Reputation: 7879
I am using tidymodels
to fit multiple Random Forest models. I then followed along with this tutorial to compare the model results. The problem is that I get the error:
Error in
UseMethod("anova") :
no applicable method for 'anova' applied to an object of class "ranger"
As an example:
set.seed(123)
iris <- iris %>% mutate(
is_versicolor = ifelse(Species == "versicolor", "versicolor", "not_versicolor")) %>%
mutate(is_versicolor = factor(is_versicolor, levels = c("versicolor", "not_versicolor")))
iris_split <- initial_split(iris, strata = is_versicolor, prop = 0.8)
iris_train <- training(iris_split)
iris_test <- testing(iris_split)
rec_normal <- recipe(is_versicolor ~ Petal.Width + Species, data = iris_train)
rec_interaction <- rec_normal %>%
step_interact(~ Petal.Width:starts_with("Species"))
iris_model <- rand_forest() %>% set_engine("ranger") %>% set_mode("classification")
# normal workflow
iris_wf <- workflow() %>%
add_model(iris_model) %>%
add_recipe(rec_normal)
# interaction workflow
iris_wf_interaction <- iris_wf %>%
update_recipe(rec_interaction)
# fit models
iris_normal_lf <- last_fit(iris_wf, split = iris_split)
iris_inter_lf <- last_fit(iris_wf_interaction, split = iris_split)
normalmodel <- iris_normal_lf %>% extract_fit_engine()
intermodel <- iris_inter_lf %>% extract_fit_engine()
anova(normalmodel, intermodel) %>% tidy()
How can I run an ANOVA or ANOVA-type comparison of these models, to see if one is significantly better?
Upvotes: 4
Views: 501
Reputation: 2155
Using a different model pair, and comparing models based on classification accuracy using resamples. Easily extended to other metrics.
library(dplyr)
library(tibble)
library(ggplot2)
library(tidyr)
library(rsample)
library(recipes)
library(parsnip)
library(workflows)
library(tune)
library(yardstick)
library(workflowsets)
set.seed(123)
iris <- iris %>% mutate(
is_versicolor = ifelse(Species == "versicolor", "versicolor", "not_versicolor")) %>%
mutate(is_versicolor = factor(is_versicolor, levels = c("versicolor", "not_versicolor")))

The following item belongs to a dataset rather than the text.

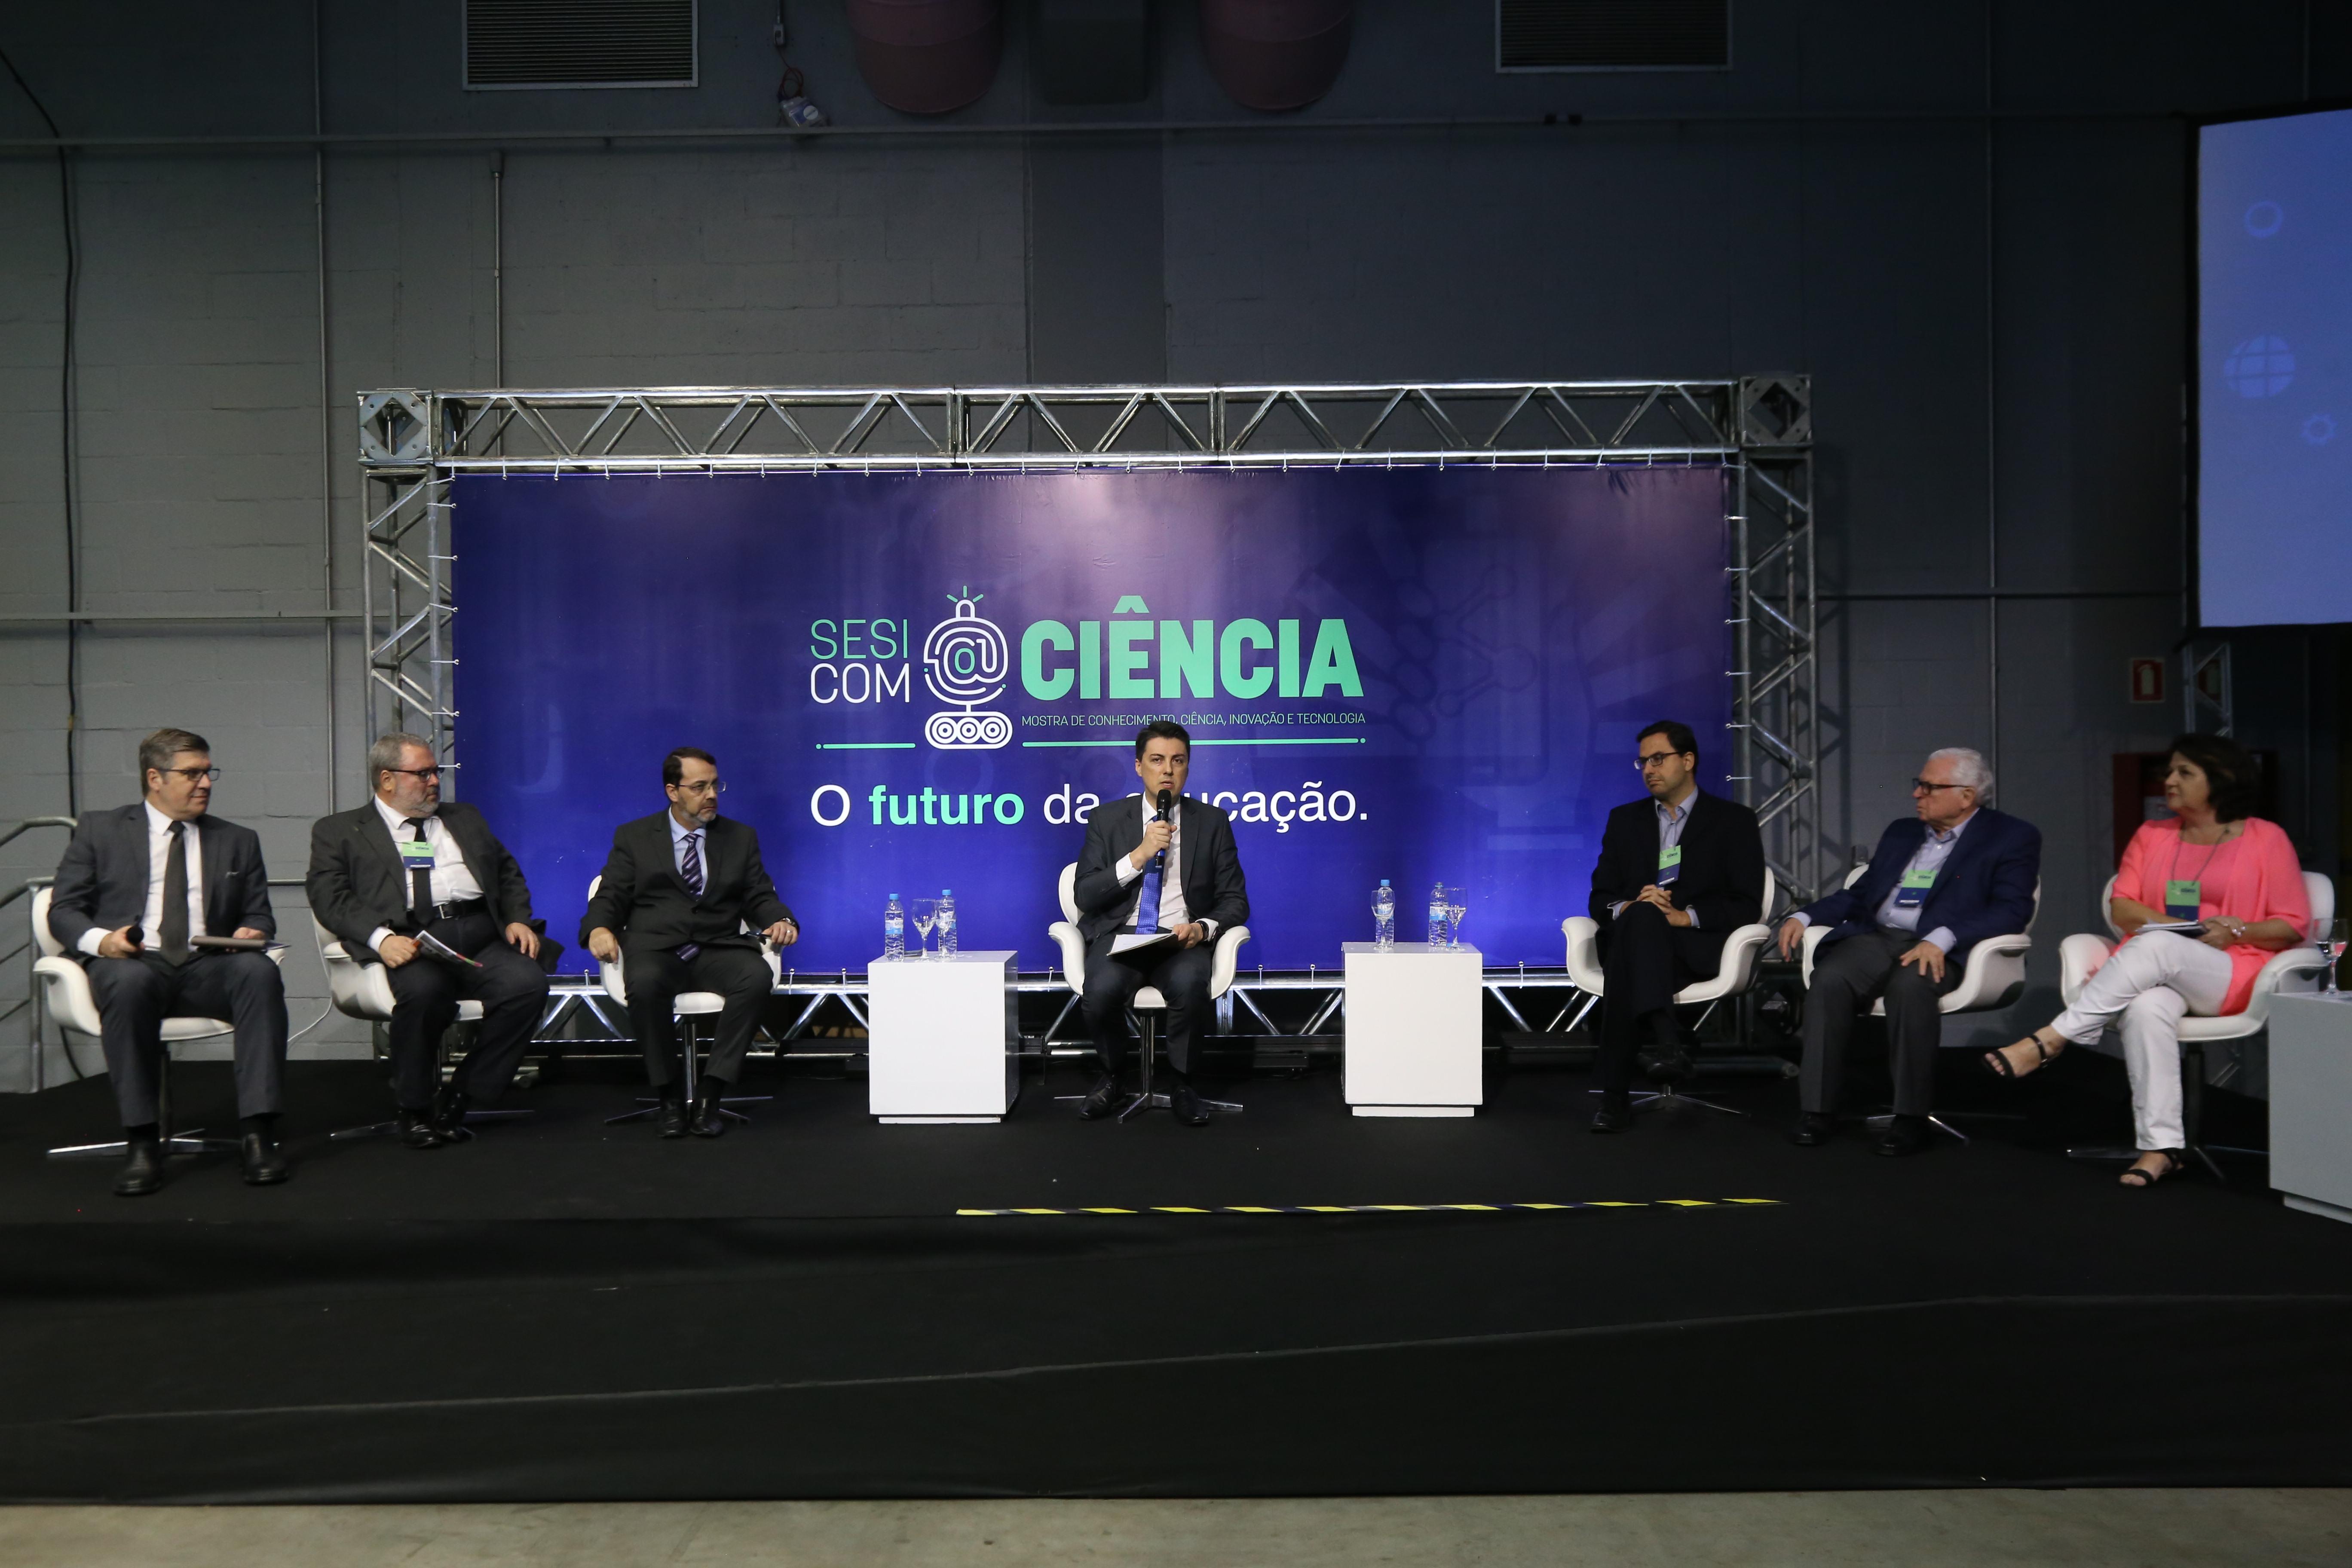 Jornalistas debatem educação no painel de abertura do Sesi com@Ciência

iris_split <- initial_split(iris, strata = is_versicolor, prop = 0.8)
iris_train <- training(iris_split)
iris_test <- testing(iris_split)
# replacing normal and interaction recipes with models
# that give less than 100% accuracy.
rec_normal <- recipe(is_versicolor ~ Sepal.Width, data = iris_train)
rec_alternative <- recipe(is_versicolor ~ Sepal.Length, data = iris_train)
iris_model <- rand_forest() %>% set_engine("ranger") %>% set_mode("classification")
# Create folds
set.seed(234)
iris_folds <- vfold_cv(iris_train)
iris_folds
# Combine models into set
iris_set <-
workflow_set(
list(rec_normal, rec_alternative),
list(iris_model),
cross = TRUE
)
doParallel::registerDoParallel()
set.seed(2021)
# fit models
iris_rs <-
workflow_map(
iris_set,
"fit_resamples",
resamples = iris_folds
)
# Visualise model performance
autoplot(iris_rs)
# Extract resample accuracies
model_1_rs <- iris_rs[1,][[4]][[1]]$.metrics
model_2_rs <- iris_rs[2,][[4]][[1]]$.metrics
model_acc <- tibble(model_1 = NA, model_2 = NA)
for (i in 1:10) {
model_acc[i, 1] <- model_1_rs[[i]][[".estimate"]][1]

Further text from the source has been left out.